Как он делает так, что я чувствую себя центром его вселенной? Всю жизнь я задавалась вопросом, каково это – быть настолько важной для кого-то, чтобы он не мог дышать без тебя. Как Уайатт и Келси – они живут друг другом.
Могу ли я иметь это с Уокером?
– Тебе комфортно говорить мне всё, что ты чувствуешь, да?
– Сейчас – да. Но, Эвелин, я носил это в себе очень долго. Я понимаю, может прозвучать безумно, но за последний год я понял: жизнь слишком коротка, чтобы молчать и прятать то, что мы чувствуем. У нас просто нет на это времени. Я больше не хочу бояться говорить о своих чувствах. Особенно когда дело касается тебя.
– Вау… – выдыхаю я, поражённая его честностью. – Уокер… Я не хочу тебя разочаровать. Мне кажется, ты видишь во мне кого-то, кем я боюсь не оказаться.
Сказать это тяжело, но так я себя чувствую. Его признание открыло мне глаза. Если он испытывал эти чувства больше года, то что, если моя реальность не оправдает его фантазии?

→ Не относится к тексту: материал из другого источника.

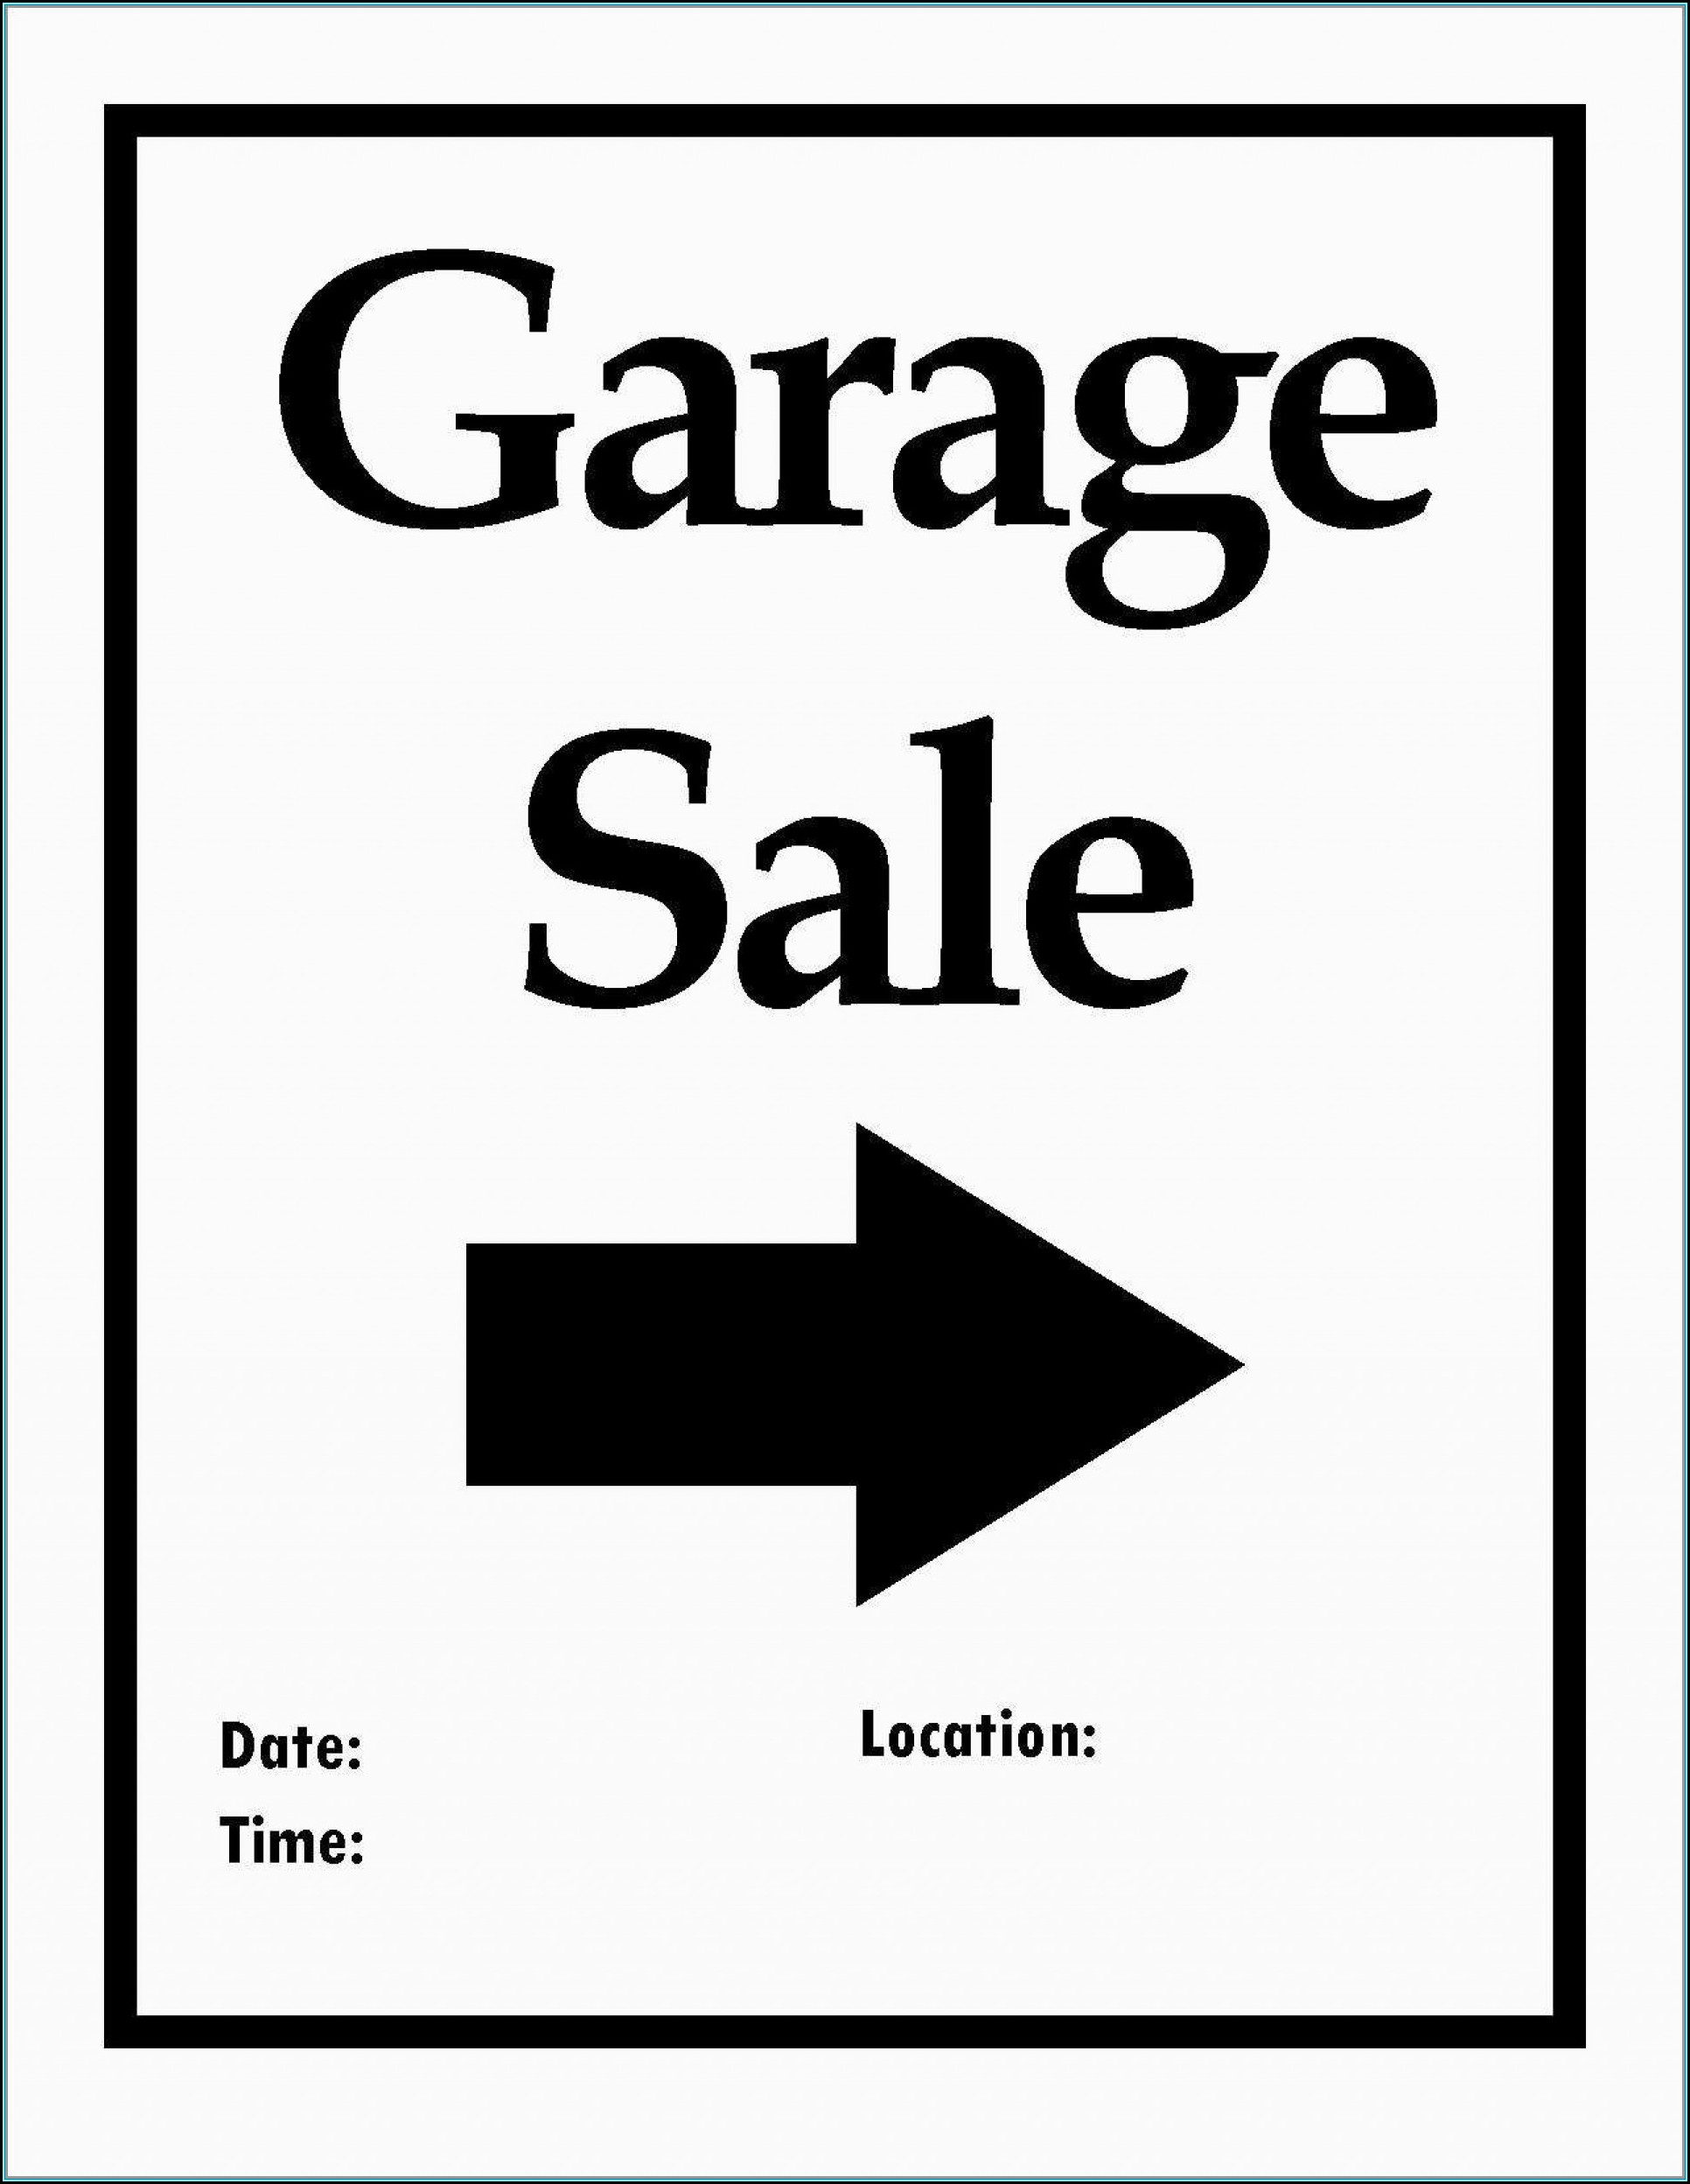 yard-sale-signs-template-760x560-png-download-pngkit
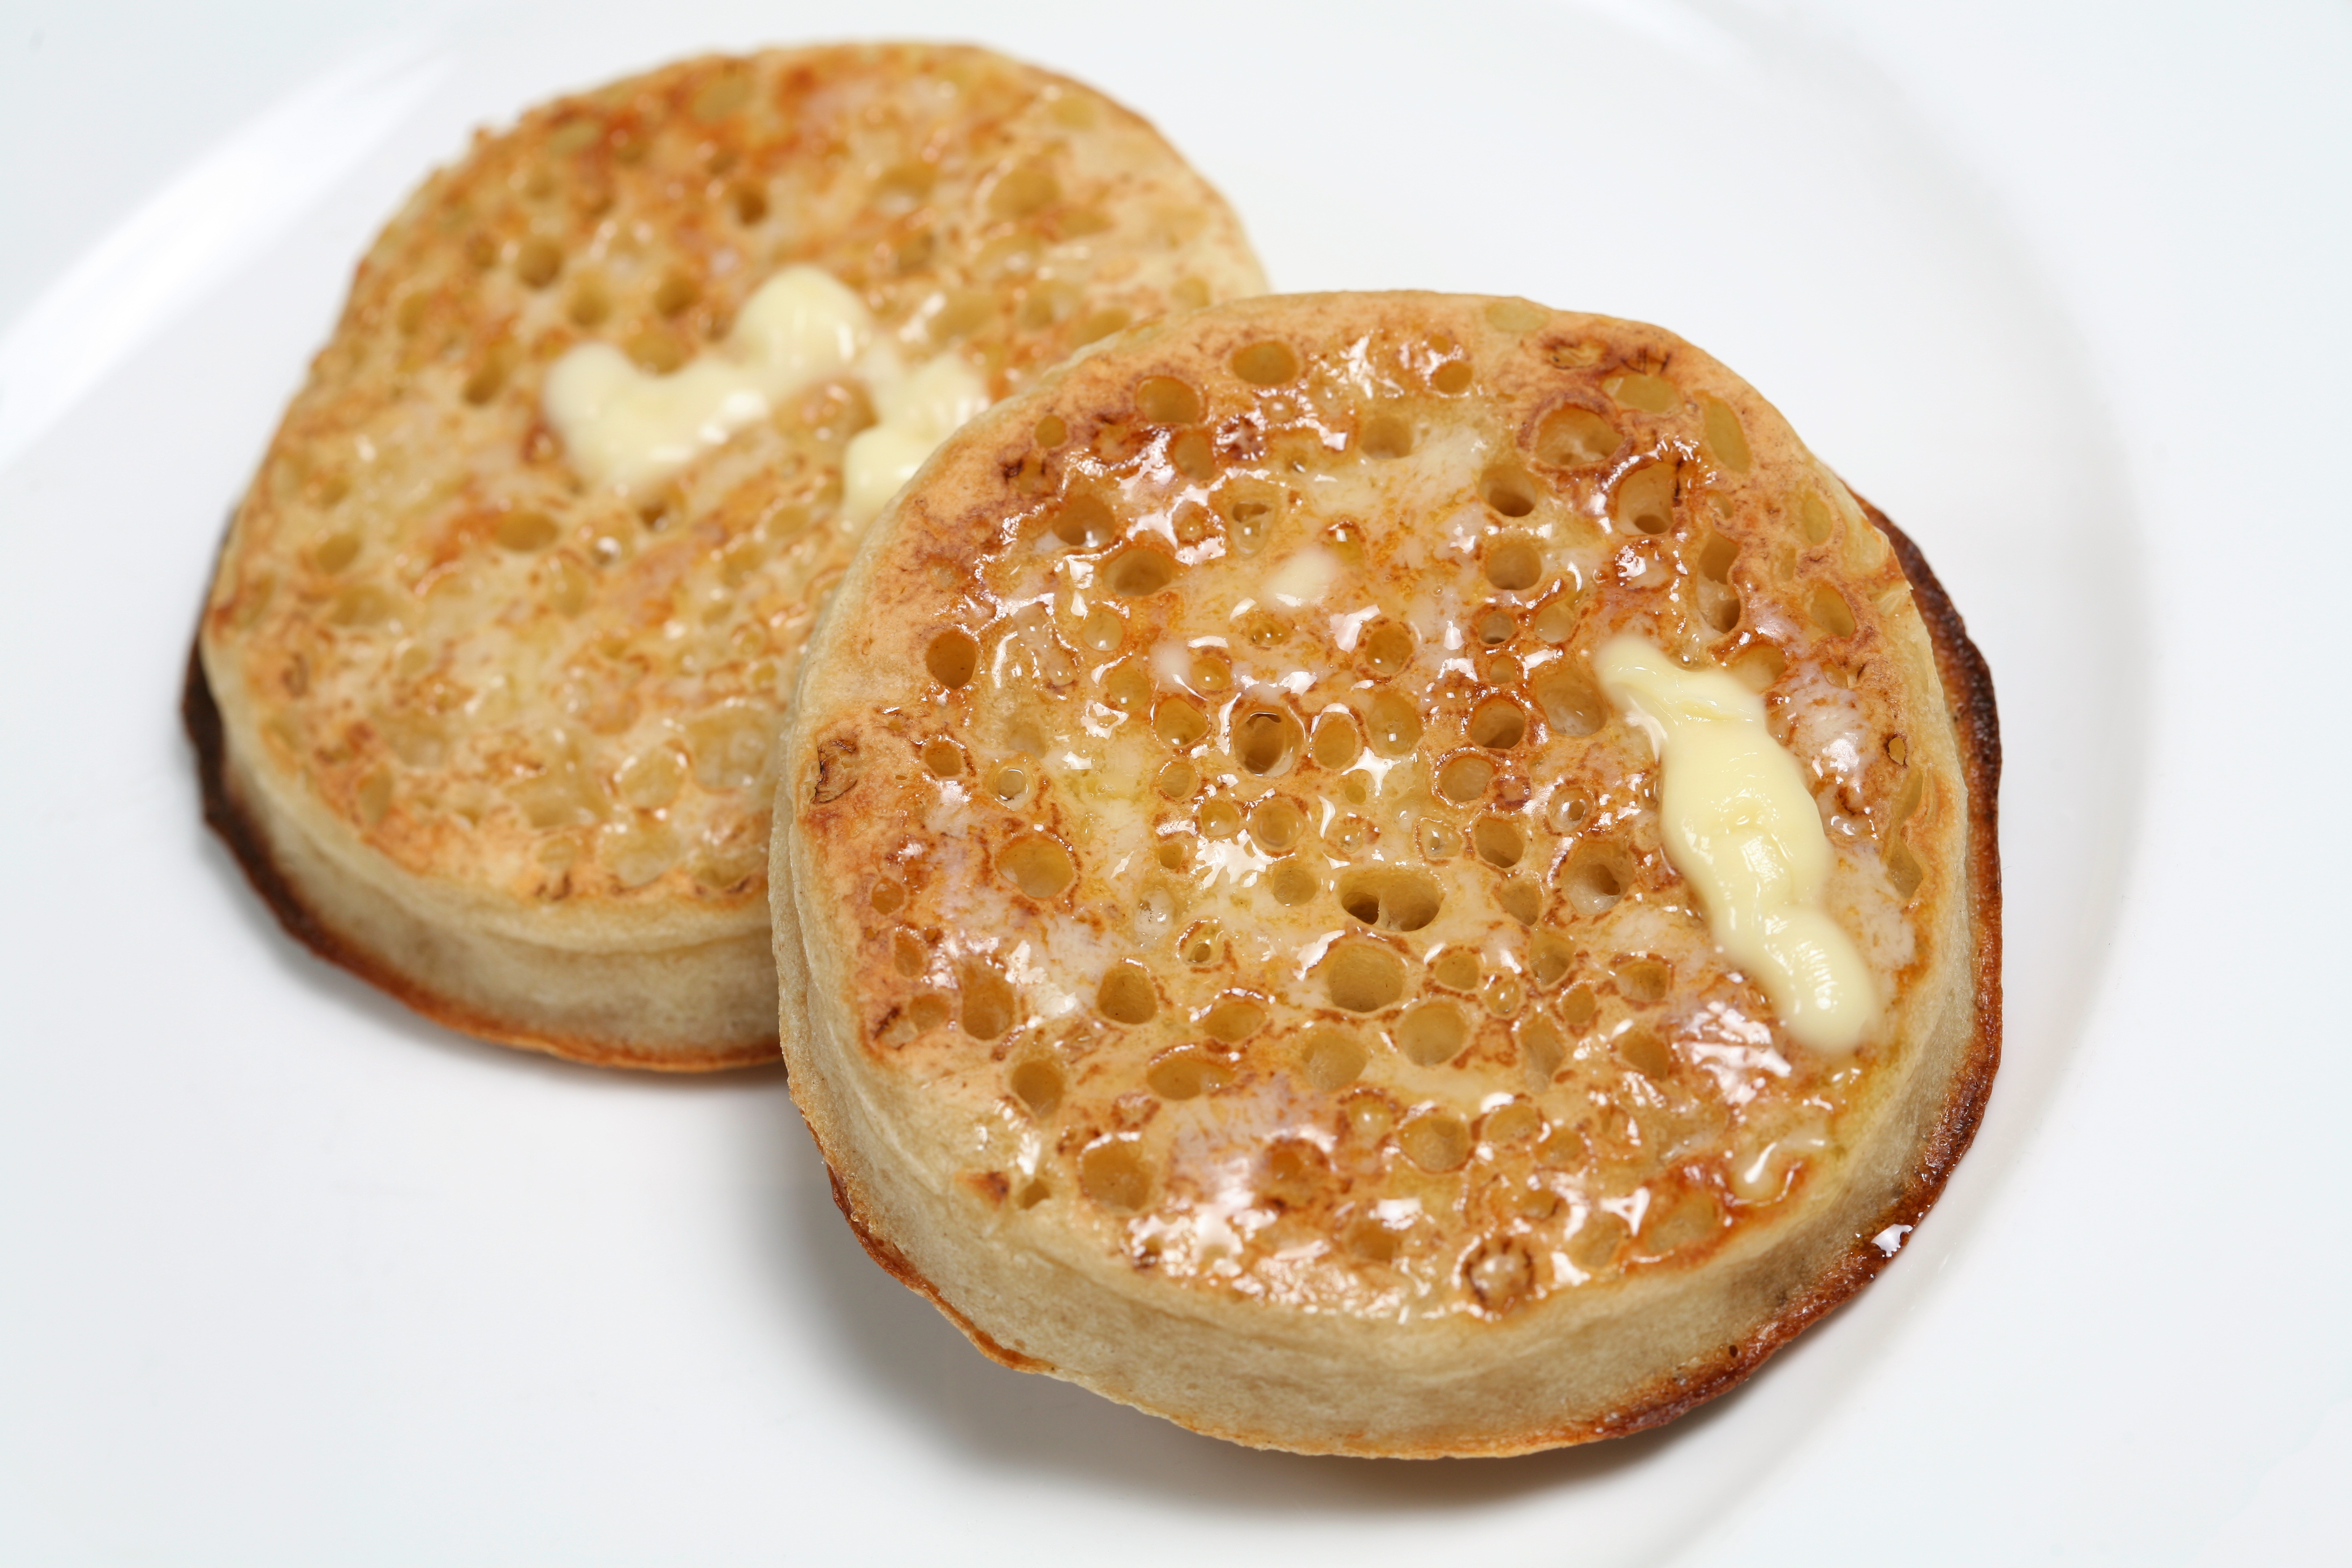 A Europe-wide shortage of carbon dioxide has caused shortages of crumpets and beer in the United Kingdom. (JoeGough—Getty Images/iStockphoto)

Он берёт меня за подбородок, мягко, но уверенно: – Ты никогда не сможешь меня разочаровать. Мне не нужна идеальная ты – хотя я уже и так считаю, что ты идеальна. Я хочу, чтобы ты была собой, Эвелин Гибсон. – Он подмигивает. – Женщиной, которая сначала была моей подругой, а теперь стала моей женой. Я хочу только тебя, Эвелин – в любом виде, в котором ты позволишь.
У меня нет слов. Как он может быть настолько уверенным в своих чувствах? А мои только зарождаются. Мне кажется, я опоздала к старту, и теперь обречена вечно догонять.
Могу ли я влюбиться в Уокера? Да. Как не влюбиться в такого мужчину?
Но что, если он уйдёт, когда я уже буду по уши в этом? Что, если он поймёт, что я не та, кем он меня себе представлял? Смогу ли я пережить это, если всё закончится трагедией – или если окажется, что фальшивая свадьба была куда приятнее настоящей жизни?
– Я тоже тебя хочу, – говорю я, потому что это правда. Я жаждала этого уже больше месяца. – Но мне нужно, чтобы ты был терпелив со мной.
– Разве я не был терпелив с самого начала? – спрашивает он.
– Был, – честно отвечаю я. – Но сейчас всё по-другому.
Он кивает. – Хорошо. Тогда медленно. Один день за другим. И просто наслаждаться тем, что есть между нами.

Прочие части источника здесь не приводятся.